Medrano noted that roughly 80% of Colorado workers don’t have access to paid leave. If those people have a baby or a serious illness and run out of sick or vacation time, they must either return to work or risk losing their jobs.

Initiative 283 would provide most Colorado workers with up to 12 weeks of partial pay and job security in the event they need to take a leave of absence from their jobs. That total goes up to 16 weeks if the employee has certain complications related to pregnancy or childbirth.

The insurance program would be funded by a .9%  tax on employees’ wages with the premiums split down the middle between workers and their employers. Companies with fewer than 10 employees would be exempt. Collections would begin in 2023.

The Denver Metro Chamber of Commerce and the businesses it represents have been staunchly opposed to a state-run paid leave program like the one Initiative 283 would create. On Monday, executive director Kelly Brough said between paid leave policies available through private insurance companies, traditional paid sick and vacation time packages and the option to self insure workers’ leave, businesses in Colorado already have free-market alternatives to a new state program. Right now, the state’s focus should be helping the more than 568,000 people who have filed unemployment claims since the pandemic began get back to work, she said, not charging employers and employees more.

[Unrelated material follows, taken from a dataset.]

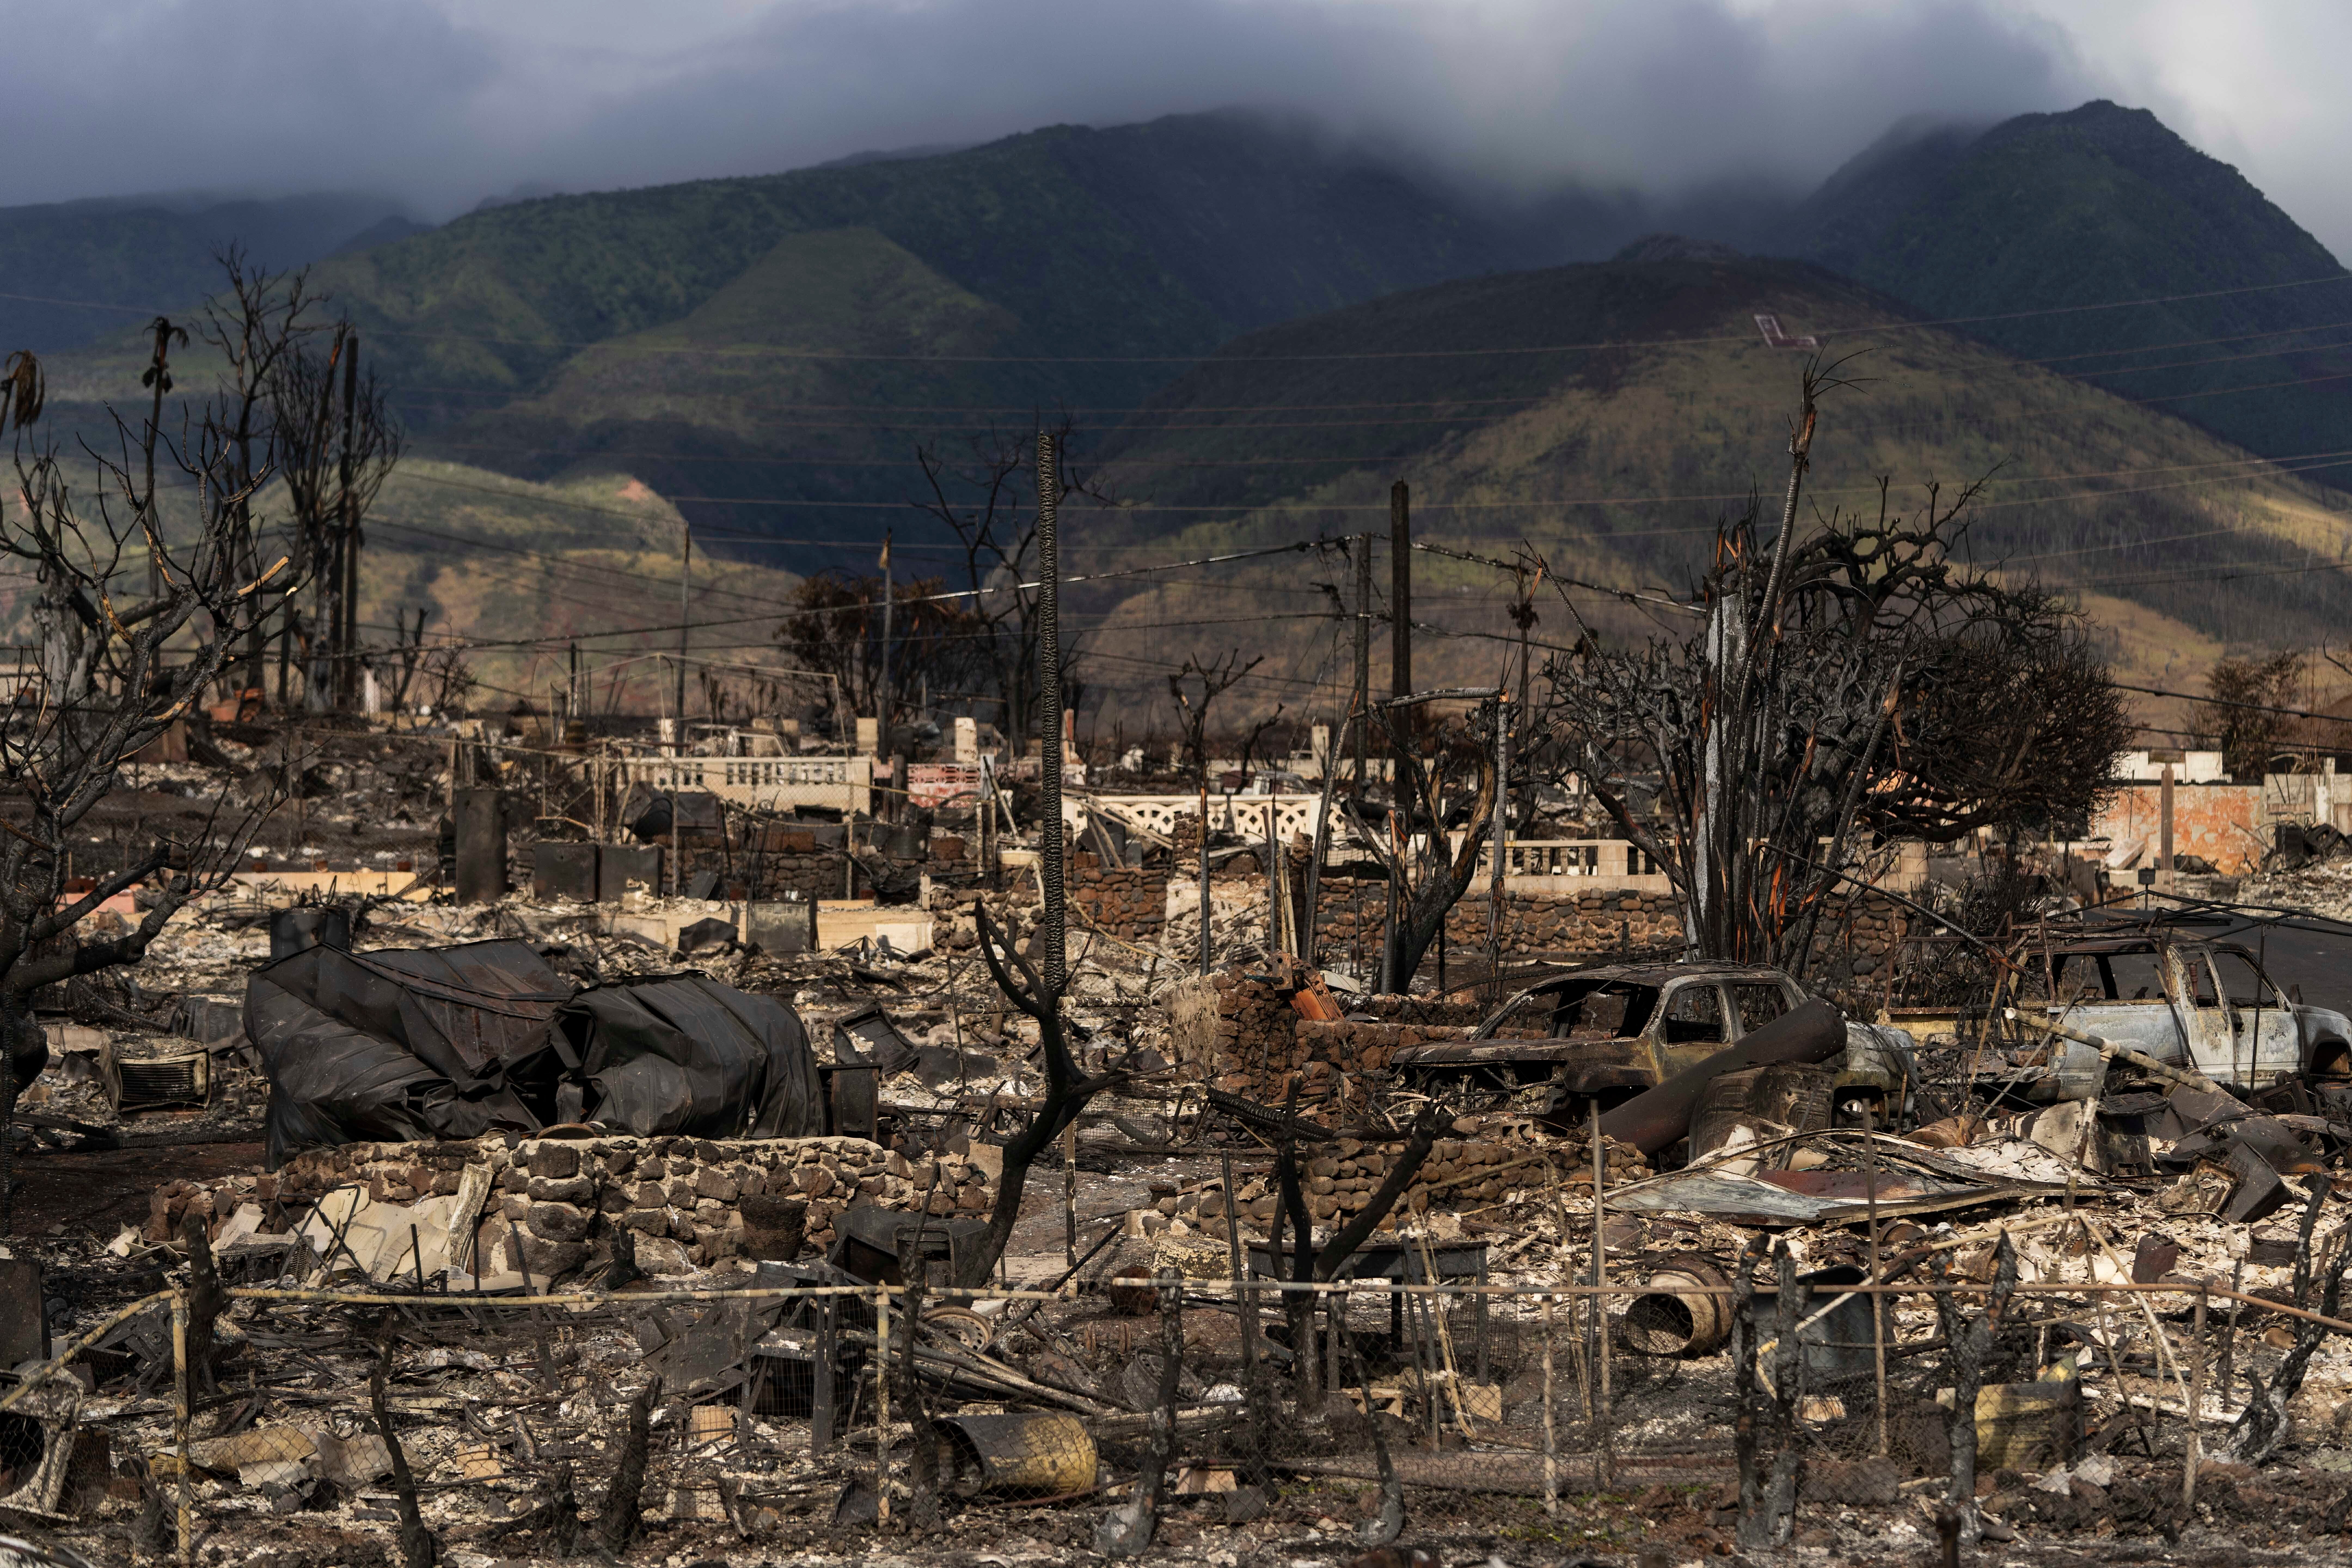 Damaged property lies scattered in the aftermath of a wildfire in Lahaina

“For us, when we look at the proposal to create a state-run paid leave program, I would say that we continue to hear from employers and employees who have a lot of concerns about their paychecks being reduced,” Brough said.

Toby Gadd, owner of Fort Collins’ “bean-to-bar” chocolate business Nuance Chocolate, is supporting the measure. With just 11 employees including himself and his wife, Gadd could likely seek an exemption from the measure if it were to pass, but he sees providing paid leave as the right thing to do morally and from a business perspective. It cosst more to train new employees than it does to support those you already have.

“I need to have regular employees and to not to have to lose an employee because they’re sick,” Gadd said during Monday’s webinar.

The 2020 session marked the sixth time Sen. Faith Winter, D-Westminster, and Democratic colleagues have tried to get paid leave into the Colorado Revised Statutes.

This year, the legislation was never even formally introduced. In February, Rep. Monica Duran and Sen. Angela Williams dropped off as bill sponsors after learning of concessions that would have created a program that did not cover part-time, gig-economy and some low-income workers. New sponsors, Sen. Dominick Moreno and Rep. Yadira Caraveo, eventually joined on but before they could to debut their bill with Winter and Rep. Matt Gray, the COVID-19 pandemic temporarily froze the legislative session.

Conversations with the business community, which has opposed these proposals, all but stopped, and early last month the legislators acknowledged that no bill would be passed in 2020.

A spokeswoman for Colorado Families First said in an email Monday that supporters “don’t anticipate having any trouble getting the necessary signatures.”

The campaign is encouraging people to request a petition by mail or to print one out at home, sign it and send it back. Gov. Jared Polis issued an executive order clearing the way for remote and electronic petitioning during the pandemic. Groups, including the Denver Metro Chamber, have come out in opposition to the remote signature gathering. Brough said it violates the state constitution and puts groups with less access to technology — including seniors, people in rural areas and people of color — at a disadvantage.

A Denver District Court Judge upheld Polis’ order last month but the issue is now set to be considered by the Colorado Supreme Court.